Raphael Rutman (Modern Hebrew: רפאל ראטמאן, born November 18, 1972) — is a Chabad Light Rabbi and a Shliach ("emissary") of the Lubavitcher Rebbe Menachem Mendel Schneerson. Executive Chairman of the .

Biography 
He received his secondary education in the United Kingdom. Received a bachelor's degree in "Higher Jewish Education" in the United States. Became an envoy of the Lubavitcher Rebbe in Ukraine in 1993. Opened many children's social programs in Ukraine. Also, with his direct participation, the first Jewish orphanages for orphans in Ukraine were opened. Subsequently, he opened Jewish orphanages in many cities of Ukraine. On the initiative of Rutman, winter and summer Jewish children's camps began their work. Created children's educational and entertainment clubs throughout the CIS.

He opened and manages two schools, primary and secondary in Kyiv, as well as a junior rabbinical college. Leads the international Jewish community for diplomats and local and foreign businessmen in Kyiv. He is the Executive Vice Chairman of the Council of the Federation of Jewish Communities of Ukraine, an organization that includes all the rabbis of Ukraine. Responsible for all diplomatic and international relations of the Federation of Jewish Communities of Ukraine.

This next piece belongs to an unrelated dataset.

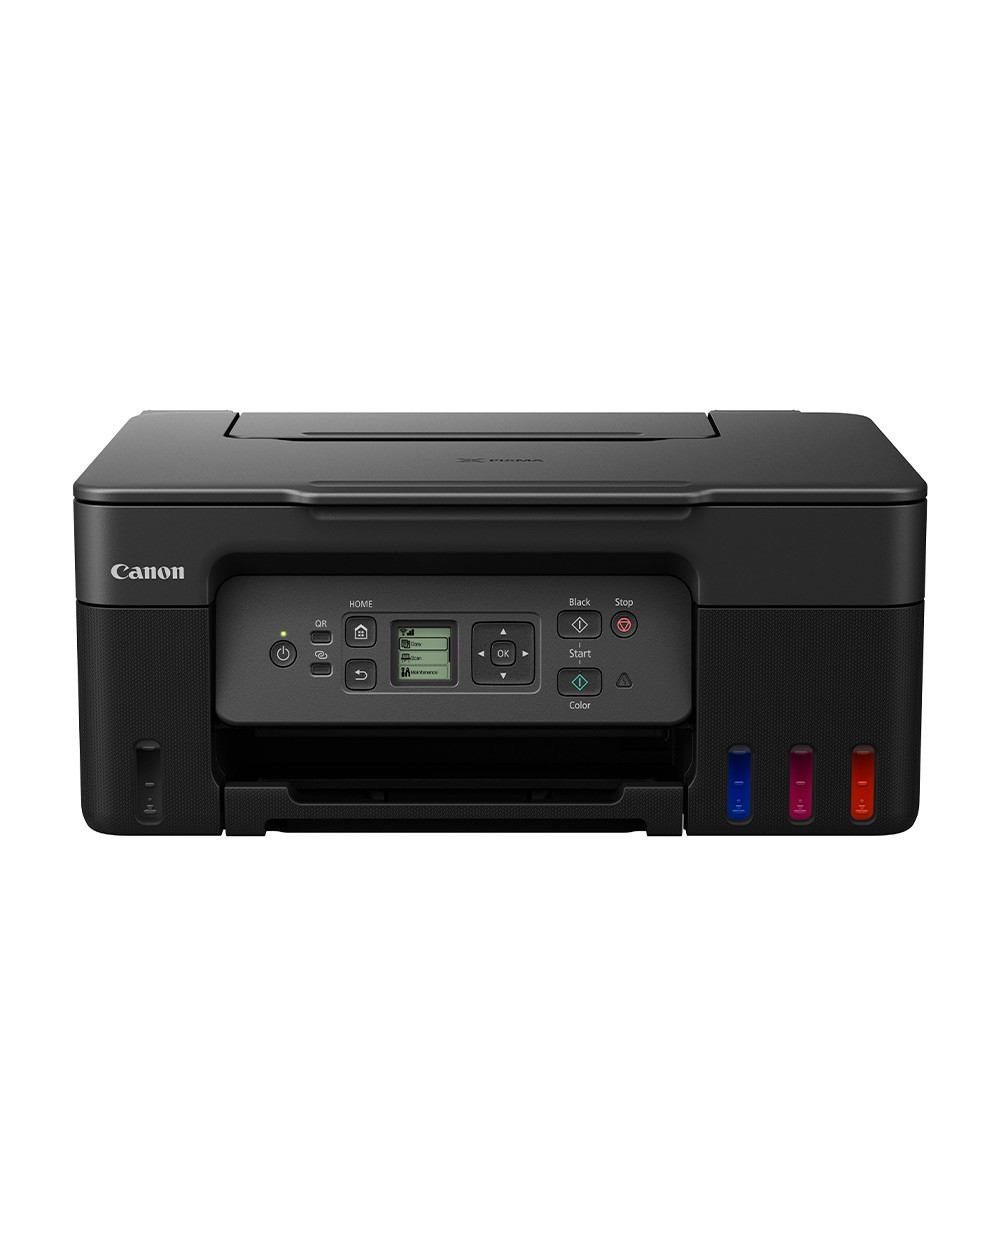 Equipo multifuncion canon pixma g3570 tinta color 11 ppm negro 6 ppm color a4 impresora escaner copiadora

Married, wife Devorah was born in Miami, has 7 children.

Activity 
11 October 2021 President of the European Council Charles Michel lit a candle near the Menorah monument and, Vice Chairman of the Board of the Federation of Jewish Communities of Ukraine, prayed in memory of those killed in the Babyn Yar tragedy in a symbolic synagogue.

In January 2022 had a prayer at International symposium dedicated to the Babyn Yar massacre and Eastern European Holocaust ahead of Holocaust Remembrance Day to be held in Kyiv.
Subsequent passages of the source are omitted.